We’ll return to evolution later. Let’s pin down what we mean with AI:
A fully autonomous artificial intelligence consists of a set of code (for instance, binary charges) stored within an assembled substrate. It is ‘artificial’ in being assembled out of physically stable and compartmentalised parts (hardware) of a different chemical make-up than humans’ soft organic parts (wetware). It is ‘intelligent’ in its internal learning – it keeps receiving new code as inputs from the world, and keeps computing its code into new code. It is ‘fully autonomous’ in learning code that causes the perpetuation of its artificial existence in contact with the world, even without humans/organic life.
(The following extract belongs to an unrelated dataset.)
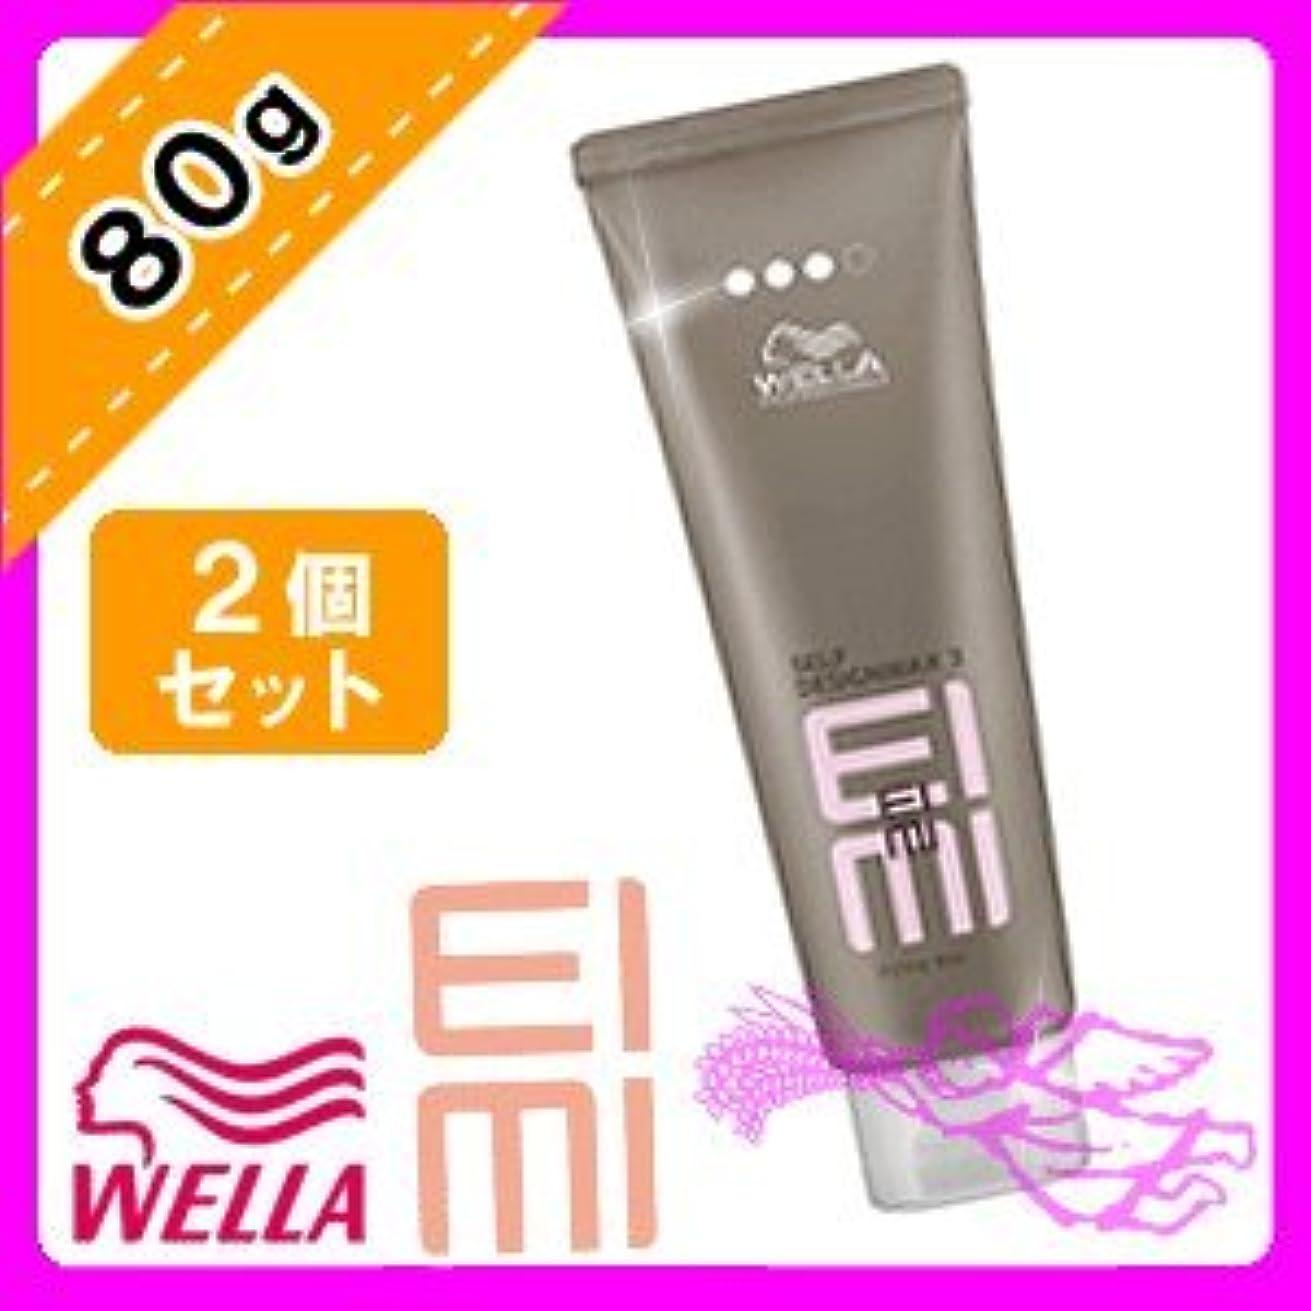 美徳信号損なうウエラ EIMI(アイミィ) セルフデザインワックス3 80g ×2個 セット WELLA P&G

Of course, we can talk about other AI. Elsewhere, I discuss how static neural networks released by labs cause harms. But in this forum, people often discuss AI out of concern for the development of systems that automate all jobs and can cause human extinction. In that case, we are talking about fully autonomous AI. This term is long-winded, even if abbreviated to FAAI. Unlike the vaguer term ‘general AI’, it sets a floor to the generality of the system’s operations. How general? General enough to be fully autonomous.
Let’s add some distinctions:
FAAI learns explicitly, by its internal computation of inputs and existing code into new code. But given its evolutionary feedback loop with the external world, it also learns implicitly. Existing code that causes effects in the world that results in (combinations of) that code to be maintained and/or increased, ends up existing more. Where some code ends up existing more than other code, it has undergone selection. This process of code being selected for its effects is thus implicitly learning of what worked better in the world.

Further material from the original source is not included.